14 thoughts on “To all the junior grad students out there

  1. I am totally in the same position as you, although I thought I was actually keeping up with my reading so I thought I would just say that it doesn’t matter if you *did* do the reading, if you didn’t take good notes on it…for myself, I wish I had made a little note with each expt which papers were relevant to it. Because I *know* now that I did certain experiments because I read a paper and so-and-so saw such-and-such but damned if I can remember their name….

  2. This is a great post. I had a very organized friend in grad school and she had a special notebook where she wrote all the key information about each manuscripts she read. I thought wow she is way organized. I wonder if she still went through the same lit hell in writing her dissertation.

  3. I just went through this when trying to write a paper – and since I want to write my thesis in the next few months, it was a good lesson to learn.

    Thankfully, my PhD qualifying exam was based on 30 selected papers in my field – so I was forced to read those early on! If it wasn’t for that, I’d be even worse off than now :S

  4. Amen! I just finished the first half of my thesis, and it was painful. Write one sentence. Go look up paper that supports that sentence, READ the paper, note appropriate citing information, file away. Rinse, repeat. Woohoo! Two sentences!

    Definitely going to keep up better for my PhD thesis in a few years.

  5. For my undergrad thesis I kept a notebook where I wrote a summary of each paper I read and what their key results were. That worked ok for 50 articles, but what is a good method for hundreds of articles?

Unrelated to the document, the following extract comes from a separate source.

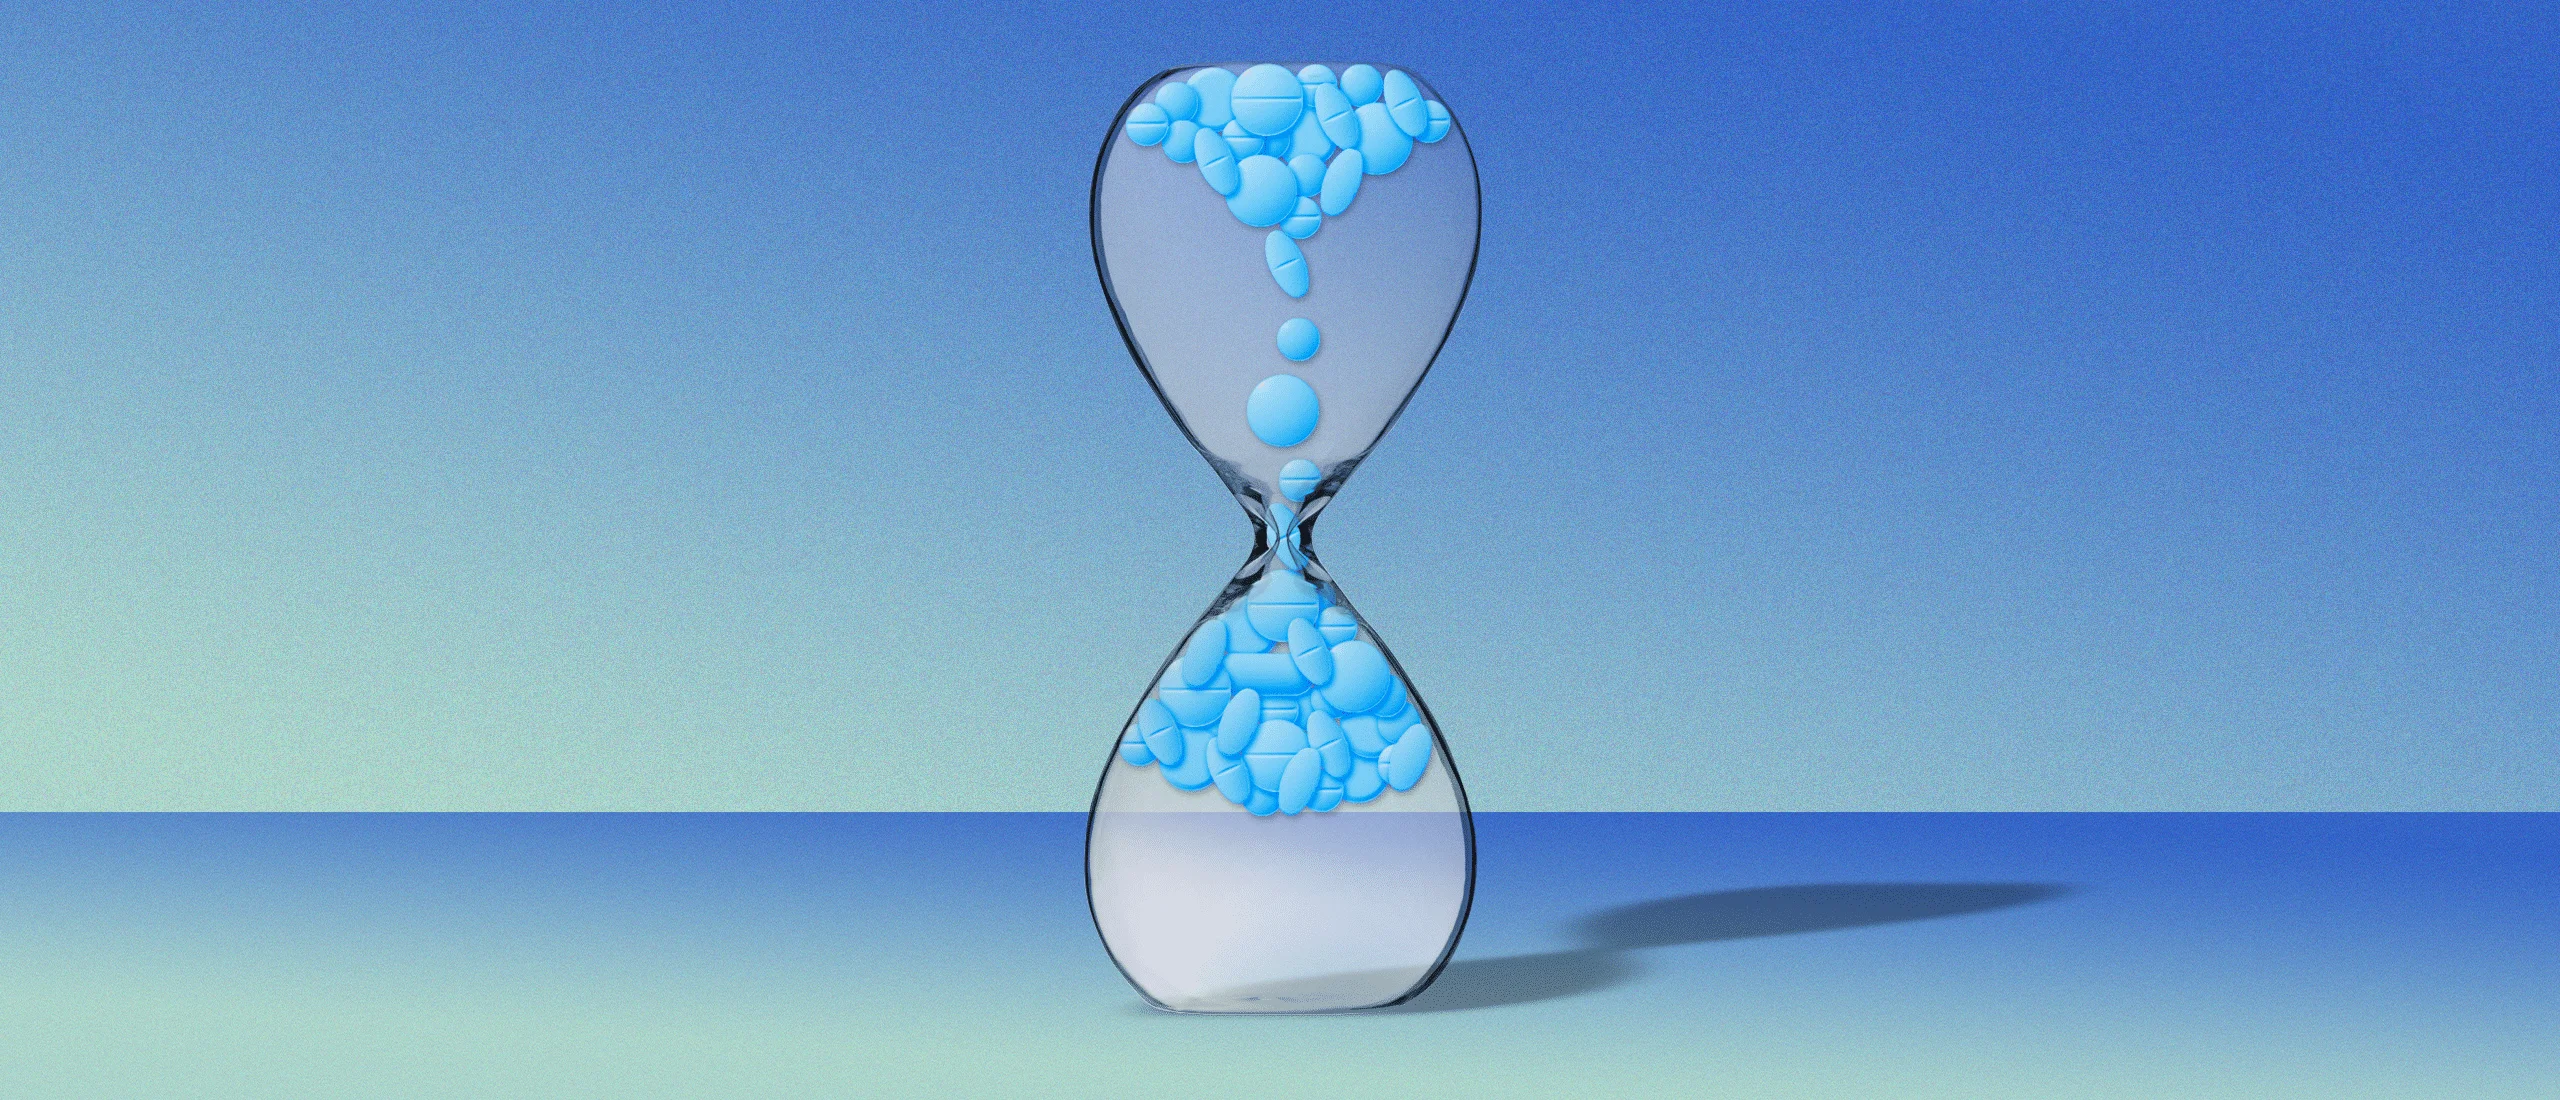 Pills falling upwards in an hourglass on blue background

A spreadsheet, a relational database, a bibliography program?

  6. I am in the same situation. I want to get a Mac for my next computer because there’s this program called “Papers” which helps you take notes on every PDF you have to read, and put keywords and such so you can, you know, find it again amidst all the other PDFs when you need it. Lit review. Ugh.

  7. i was in that hell during my master’s thesis, not because i didn’t read (oh i did, piles and piles of papers!) but i didn’t take notes on them. now i go thru, highlight/underline/whatever, then on the backs of the refs pages, summarize the important points, key results and CITE THE PAGE NUMBER! also, if there’s a relevant ref cited that i don’t have, i’ll note that too. in the body of the paper, i also keep margin notes, like remember this for X experiment. that’s easier than writing it all out on the back sometimes.

    just in case you’re wondering, i switched fields from master’s to ph.d so i’m a junior grad in a different field with different piles of papers to read 🙂

  8. I second Papers – that’s what I use now and it’s beautiful.

    Works like iTunes, I can create different folders for different topics. And, put papers in more than one folder without duplicating said paper.

    And, I can take notes and write key words on each paper that are searchable later.

  9. Good post! Thanks a lot.
    I am finishing my master and I suffered a lot also!
    Could someone share their view on how to take note for papers and how to organize them
    I am going to start my PhD, I don’t want to go thru hell again…

  10. I feel your pain. I suffered through that hell for my thesis proposal, and I never want to do it again. To that end, I have created a “thesis bible”. It’s a huge notebook (I started out with a one subject, and now it’s 5), with sections for each aspect of my thesis, such as “5-ht2A and GABA interations”, 5-HT2A and glutamate interactions”, etc. Then, for every paper I read, I take the tidbits I get out of them and put them in the bible, trying to get it down to one line. In the margin, I cite chapter and verse, with the first author and the year. This means that, when I’m writing on any one subject, I turn to a given page, and just go. Works REALLY well to keep stuff organized. Though if you do this in hardcopy (like I do), you will want to make sure you have a scanned copy of it as well. Just in case.